校庭の中央、大柄の剣士と小柄な剣士が相対している。
一見して押しているのは大柄の剣士だが、実際は違っていた。
「くっ……! やるではないか! アルデザイア!」
そう小柄な剣士を称賛したのは、剣聖の職を持つ教官だ。
教官は大柄の体に似合わぬ凄まじい速さで幾度も剣を振り、一呼吸の間に打ち込まれた剣撃の数を周りで見ている生徒たちは数えることが出来ない。
「いいえ、まだまだです」
教官の剣を待ち受ける少年はそう涼しげに応える。
そして鏡のように剣を打ち返し、疾風のごとき剣撃を正面からすべて叩き落とした。
小柄な体格からは想像もつかない剛の剣だ。その上でスピードは教官を上回っている。
「まだまだか……。

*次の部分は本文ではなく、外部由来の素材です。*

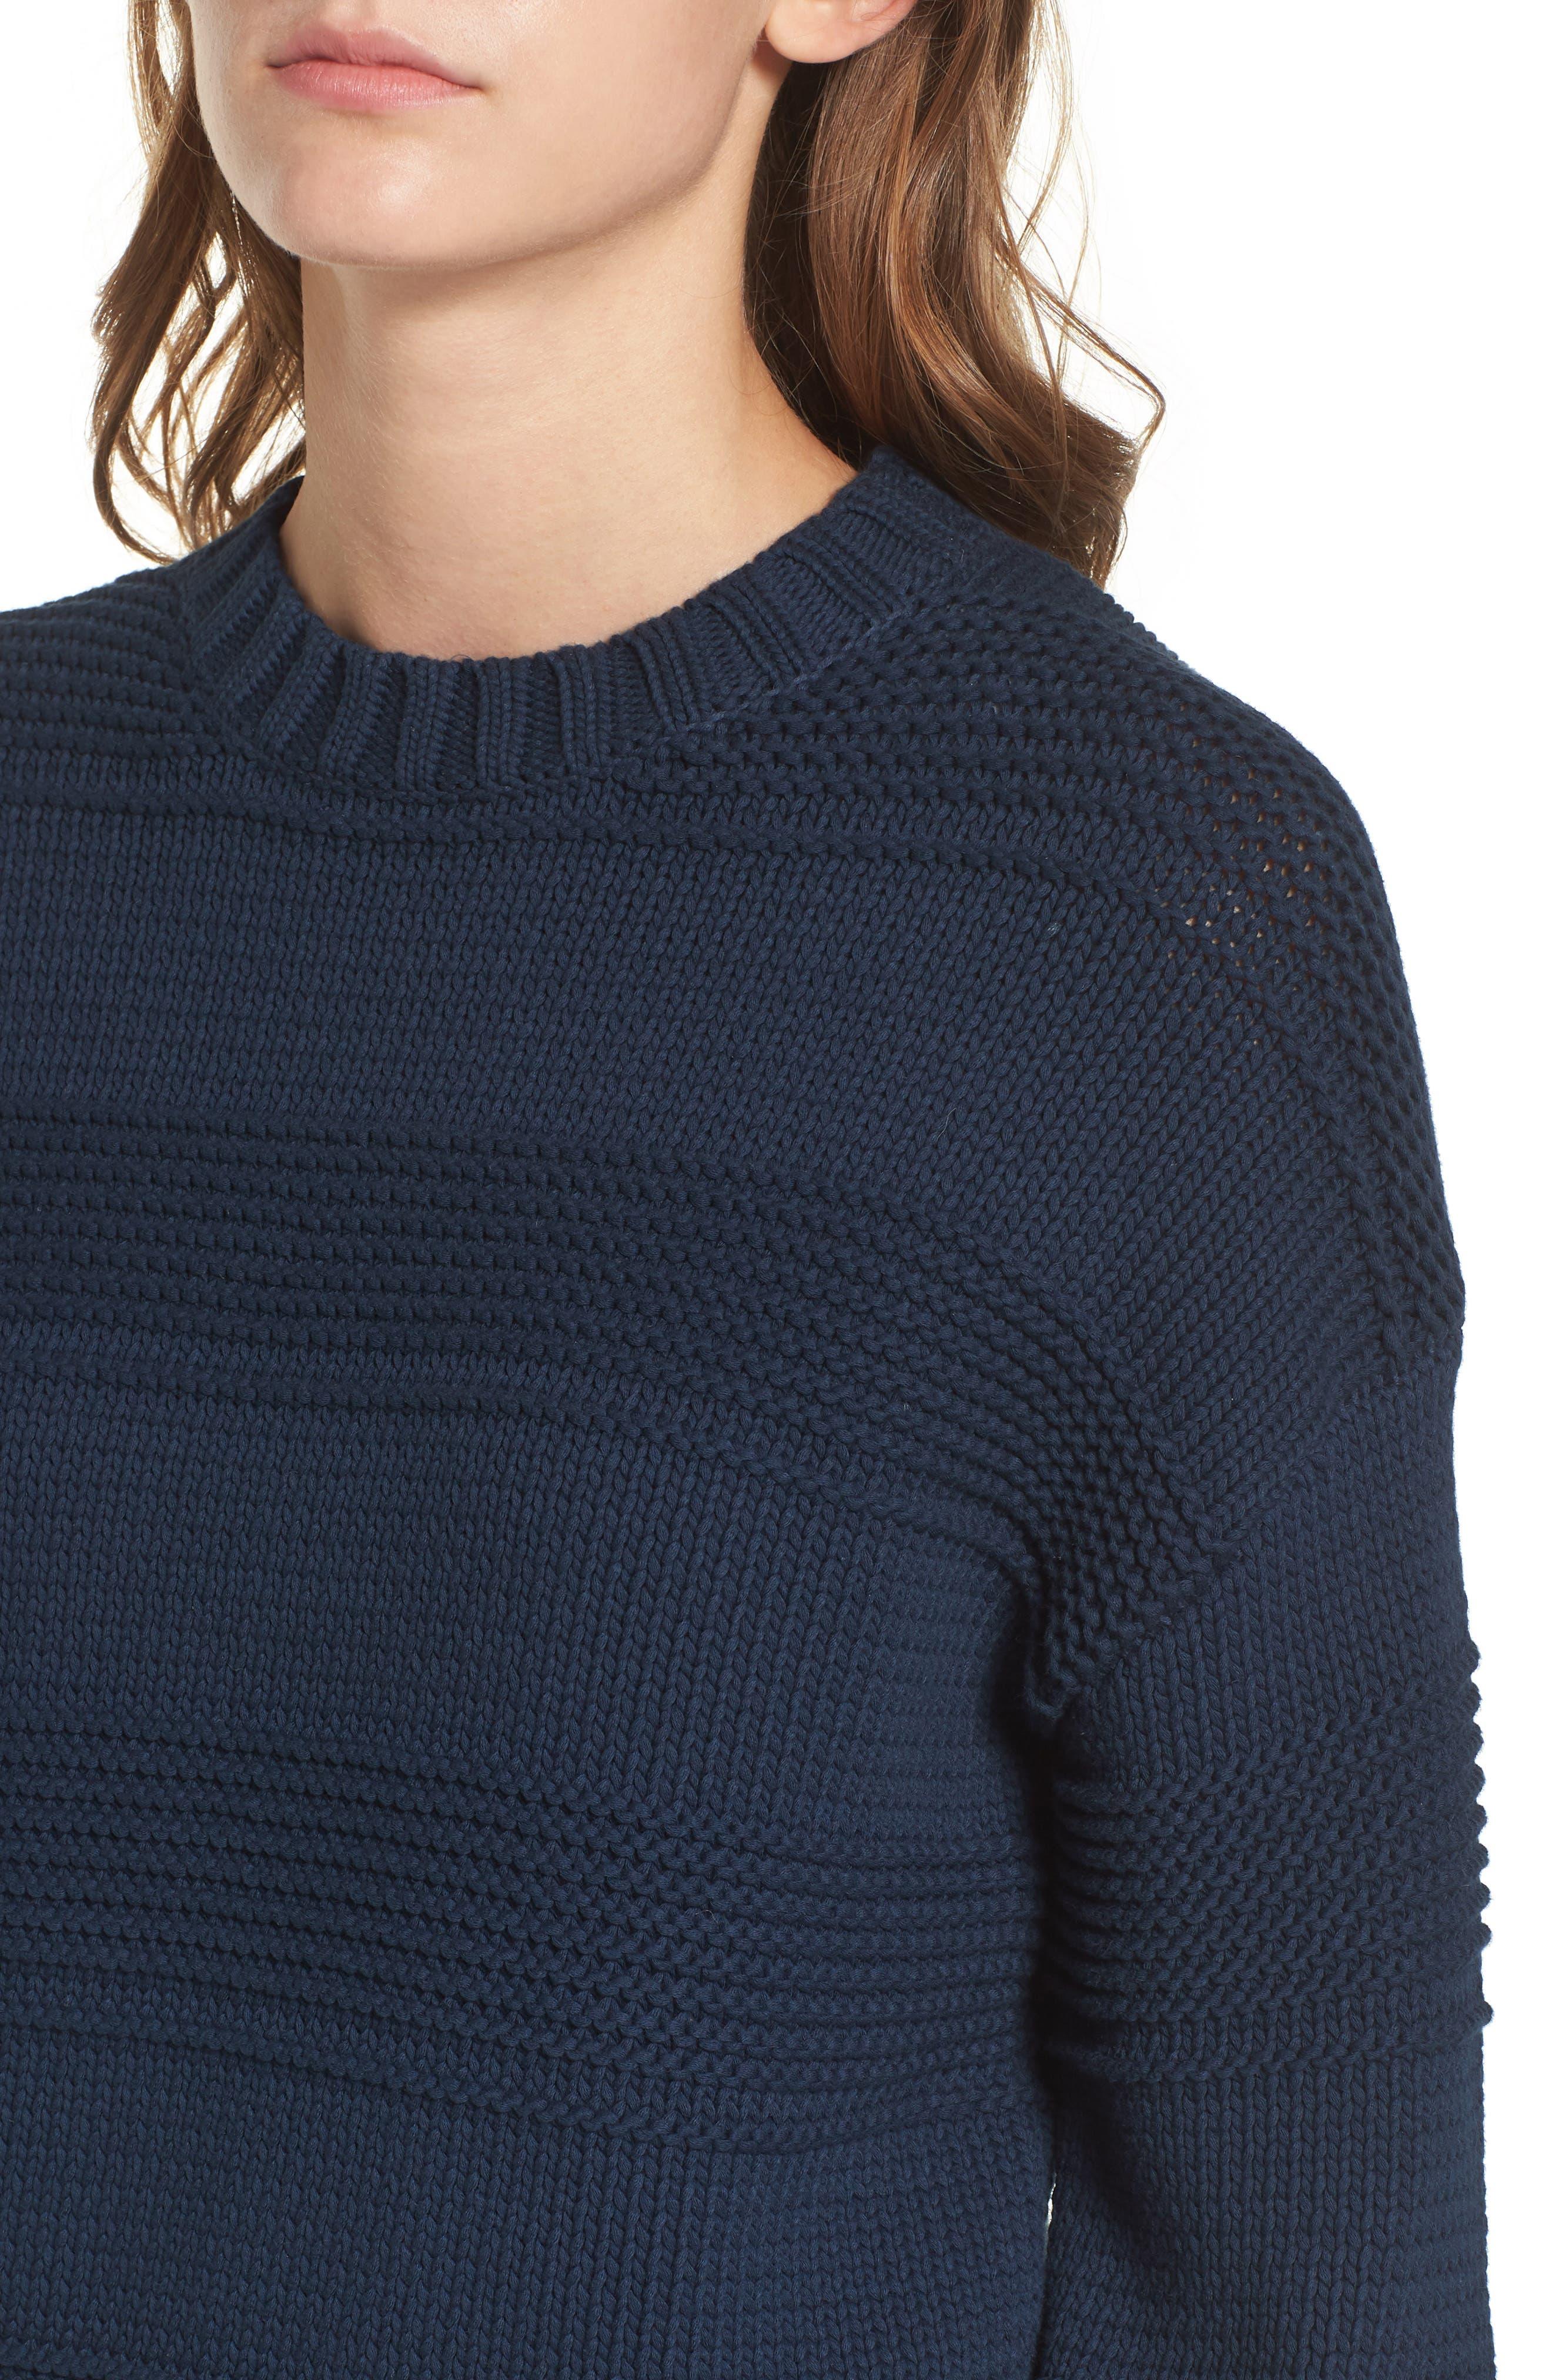 Sabrina Crewneck Sweater,                             Alternate thumbnail 4, color,                             417

……それは、俺の方だったな」
教官はそう言って、自分の剣を落とし、両手を挙げて降参した。
勝負が付いたのは一瞬だった。
教官の攻撃を受けきった少年の手元が閃いたと思ったら、剣の切っ先が防具の継ぎ目を超えて、教官の喉元に刺さっていた。
皮膚一枚を隔てた寸止めだ。
反論の余地のない、誰が見ても圧勝だった。
「す、すげえええええええええええ!! 教官を倒しちまうなんて!」
「アルス君はやっぱりモノが違う!」
自分の訓練そっちのけで、少年──アルス・アルデザイアの戦いを見守っていた生徒たちが、歓声を上げて駆け寄ってくる。
「貴様らぁっ! 訓練に戻らぬか!」
自分も指導を忘れて、戦いを見物していたことを棚に上げて、別の教官が怒鳴り声を上げる。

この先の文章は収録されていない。